Completed book #83 Cumulative page count: 27,896 Sue Grafton: Y is for Yesterday My rating: *** (A 496 page cozy? Should have been cut by half.) My Goodreads review: www.goodreads.com/review/show/3059954586
Normally, my audiobook listening is limited to my work commutes, as I don't want to tune out my wife when I am at home. However, she is in China right now, and I am taking advantage of my home-alone time to get more listening hours in.
William Golding: Lord of the Flies My rating: *** (A good, not great, story. Very light on characterization and plot development.)
I read this when I was about 16, which isn't a bad age to read allegories; it's easier to deal with archetypes and symbolic characters then, I think.
Warning! Spoilers in droves coming right at ya, hundreds of 'em!
I pretty much agree with your characterization of, uhhh, the characterization, though at the time I related to Piggy, the guy who hopes that the skills which more or less served him well before the event will continue to be useful afterwards, and they aren't. We were schoolboys once, and young. He's probably the only person in the book I remembered later; the rest of them blurred together, like the kids who gathered at a little grocery store across the street from our high school and bullied the ancient Chinese guy who ran the place so they could steal cigarettes from him.
If you're ever up for trying William Golding again, I recommend The Inheritors.
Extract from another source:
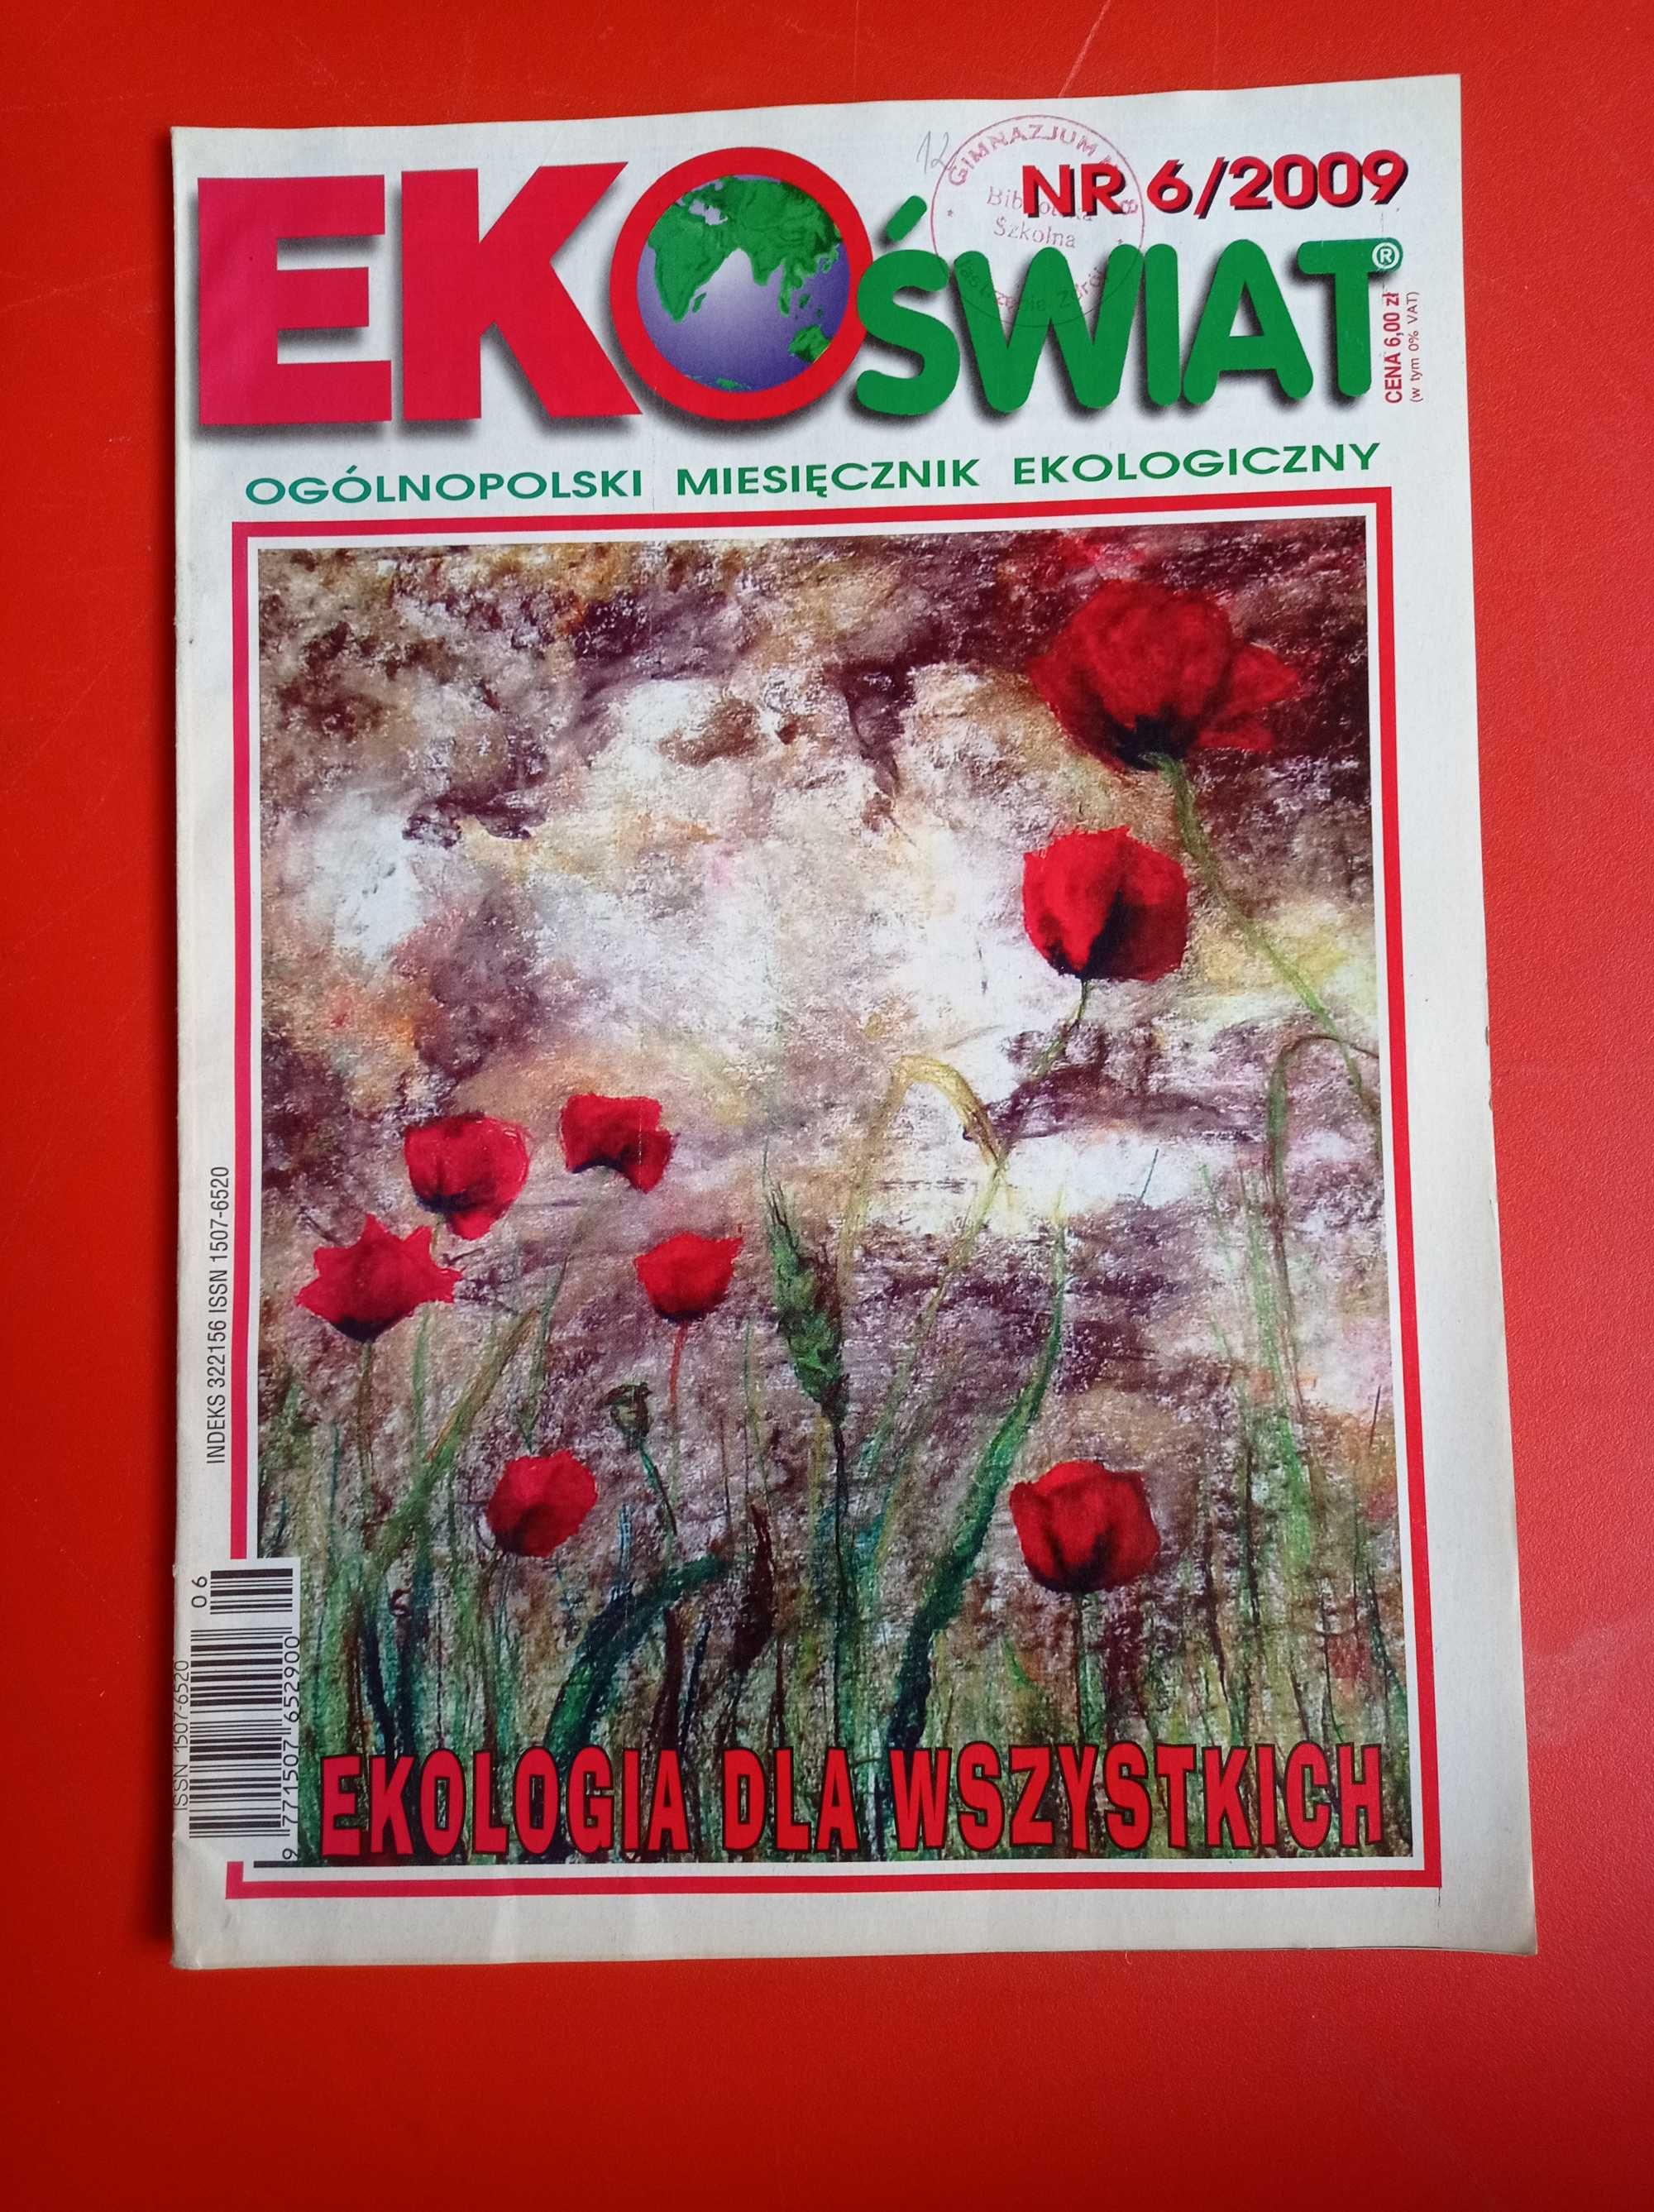 EkoŚwiat, miesięcznik ekologiczny, nr 6/2009, czerwiec 2009

It's about a tribe of proto-humans who lose their status when another tribe of proto-humans (or early humans, like Cro-Magnons, maybe), people who have been on a different evolutionary path and have sharper linguistic and perceptual skills, moves in on their land. An elder of the first tribe is the main voice here. Like Piggy, he's all washed up, but he has the wisdom of years and experience, and he knows he and his tribe have had it, they're all washed up. Yeah, Golding isn't exactly a happy camper, but this book is so beautifully written, I empathized with the elder more than I've empathized with anybody in about 99% of the novels I've ever read.
Totally agree about Arthur C Clarke. I don't read SF any more for various reasons, but he had a gift for words that has always been rare in the genre, and what an intellect! He and Asimov were the smartest guys in the room, and nobody ever confused Asimov's literary talents with Faulkner's. At least I don't think they did.